1. Les datifs supprimables, d'abord retenus sur la base d'une interprétation intuitive, sont confirmés en tant que datifs par le test de transfert.

2. Le test de Boons, que nous considérons comme un test discursif, s’ajoute aux deux tests distributionnel (celui de la substitution) et syntaxique (celui de la cliticisation) pour justifier l’appartenance des exemples au datif sur le plan formel.

3. Le test de Boons répond au mieux à l’interprétation dative en ce sens qu’il est en cohérence avec l’idée du mouvement linéaire propre à la définition de à, ce qui permet de dépasser la détermination classique du datif, fondée sur un classement formel prenant en compte une structure ternaire avec un N1 et un N3 humains ainsi qu'un N2 désignant un objet concret : or le transfert ne s'opère pas forcément entre deux humains, mais il s'avère en revanche toujours lié au passage d’une situation à une autre où l’unité transférée n’apparaît pas toujours d’une manière concrète (en particulier si le GP inclut un N abstrait).

4. Dans le cas de certains GP abstraits, le transfert passe du sujet (N1) au C.O.D (N2) et non de N1 à N3 (On appelle les ouvriers à la grève), ce qui a empêché l’interprétation dative avant l’application de ce test.

5. Parmi les verbes de LVF appartenant à la classe « communication » présentés par Marque­Pucheu, seuls ceux qui ont une structure ternaire peuvent être retenus en tant que datifs.
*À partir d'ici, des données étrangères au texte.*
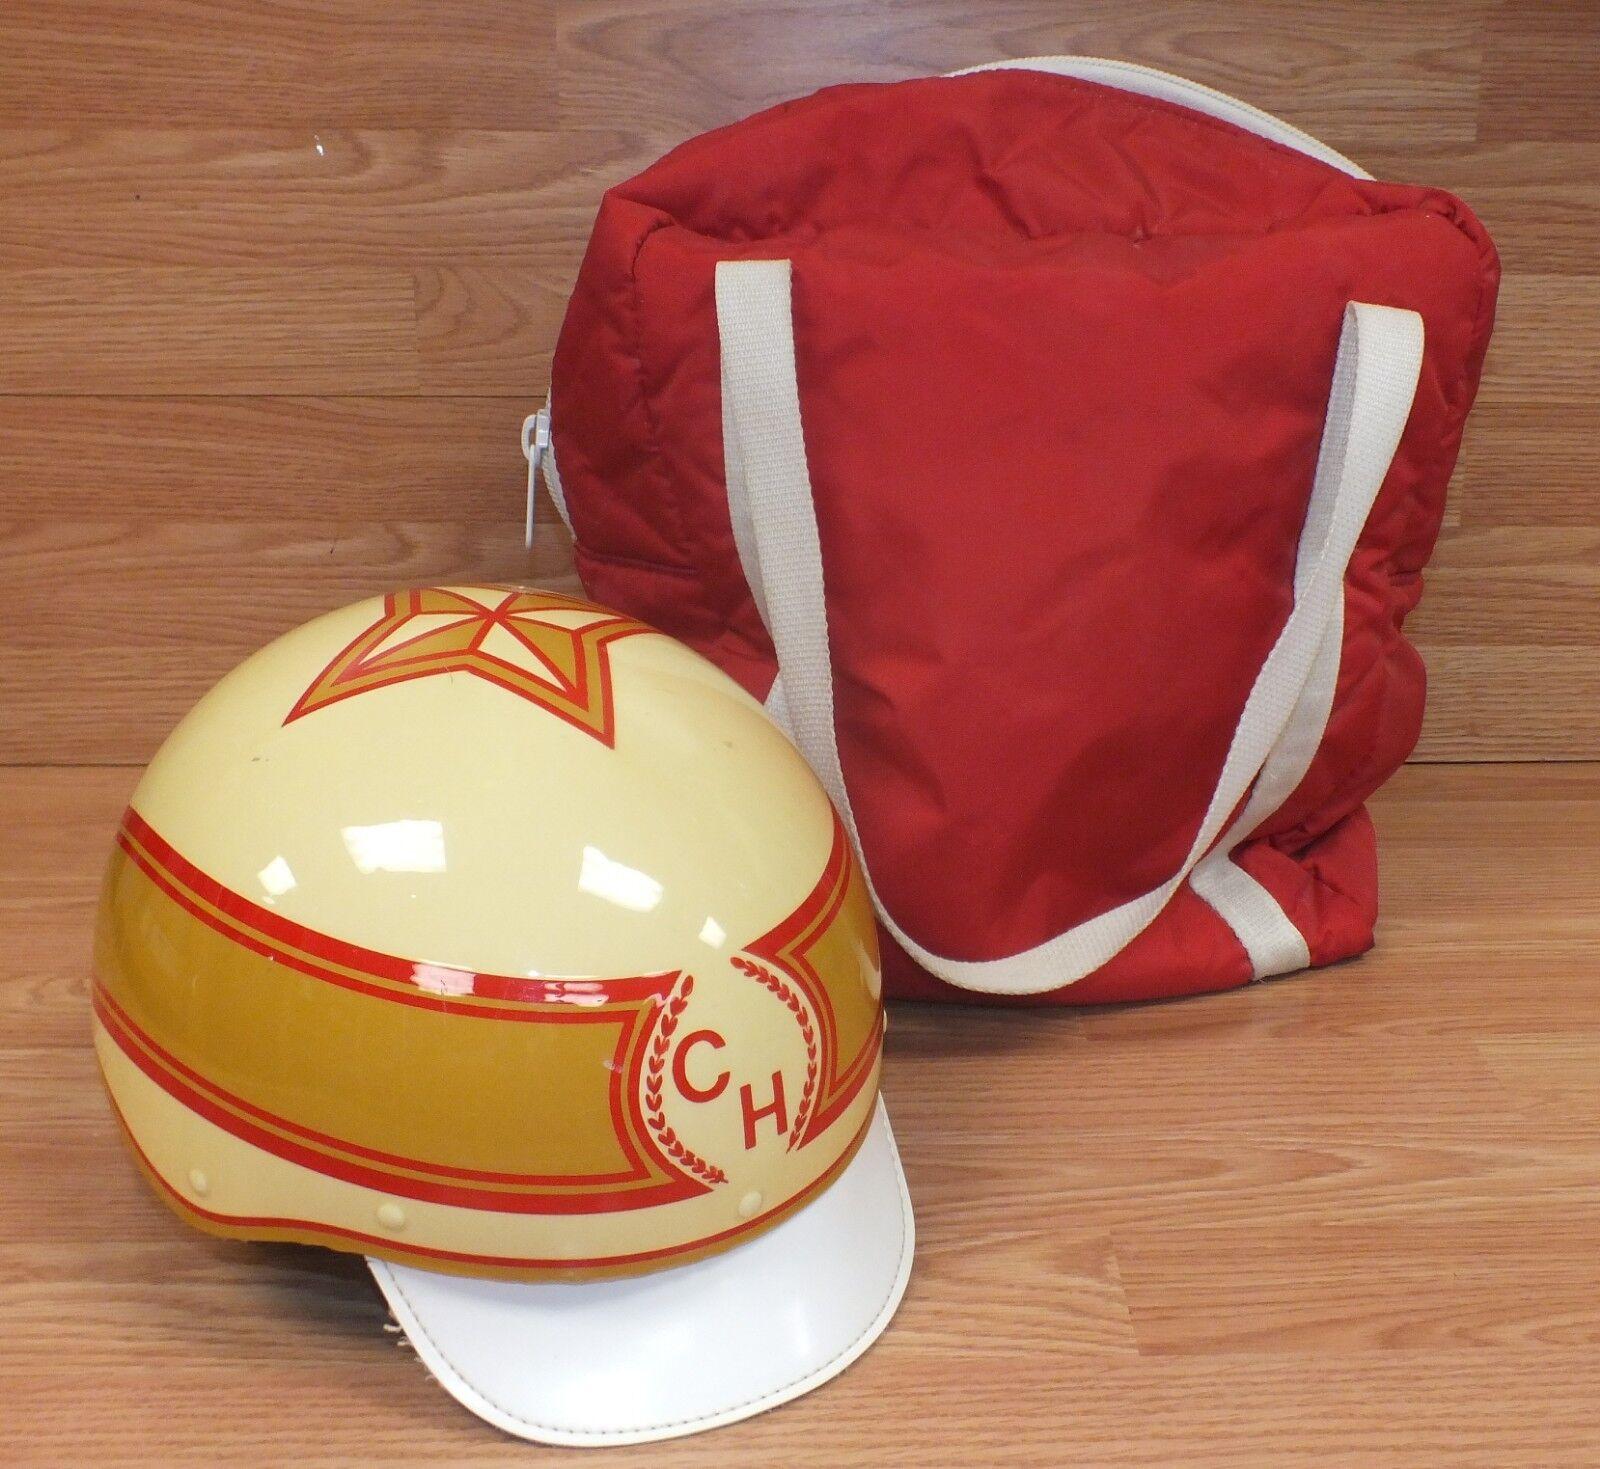 Genuine Vintage Howard Kincannon / Onell H84 Horse Racing Riding Helmet w/ Bag

Cependant, le test de Boons appliqué sur des exemples comme sourire à un enfant, téléphoner à quelqu’un s’adaptent au modèle du datif par le sémantisme du verbe puisqu’ils peuvent être paraphrasés en adresser un sourire à quelqu’un et passer un coup de fil à quelqu’un qui montrent qu’il y a transfert d’une entité (le sourire, le coup de fil) : un objet implicite caché dans le sémantisme du verbe. De même, la structure ternaire peut prendre la forme d’un verbe pronominal où l’objet et le patient représentent le même actant (se résoudre à une solution). Qui plus est, dans les exemples de type hurler à quelqu’un de sortir, l’entité transférée n’est pas un objet concret que désignerait N2 mais le contenu d'un message se présentant sous forme de + inf qui a trait à une action.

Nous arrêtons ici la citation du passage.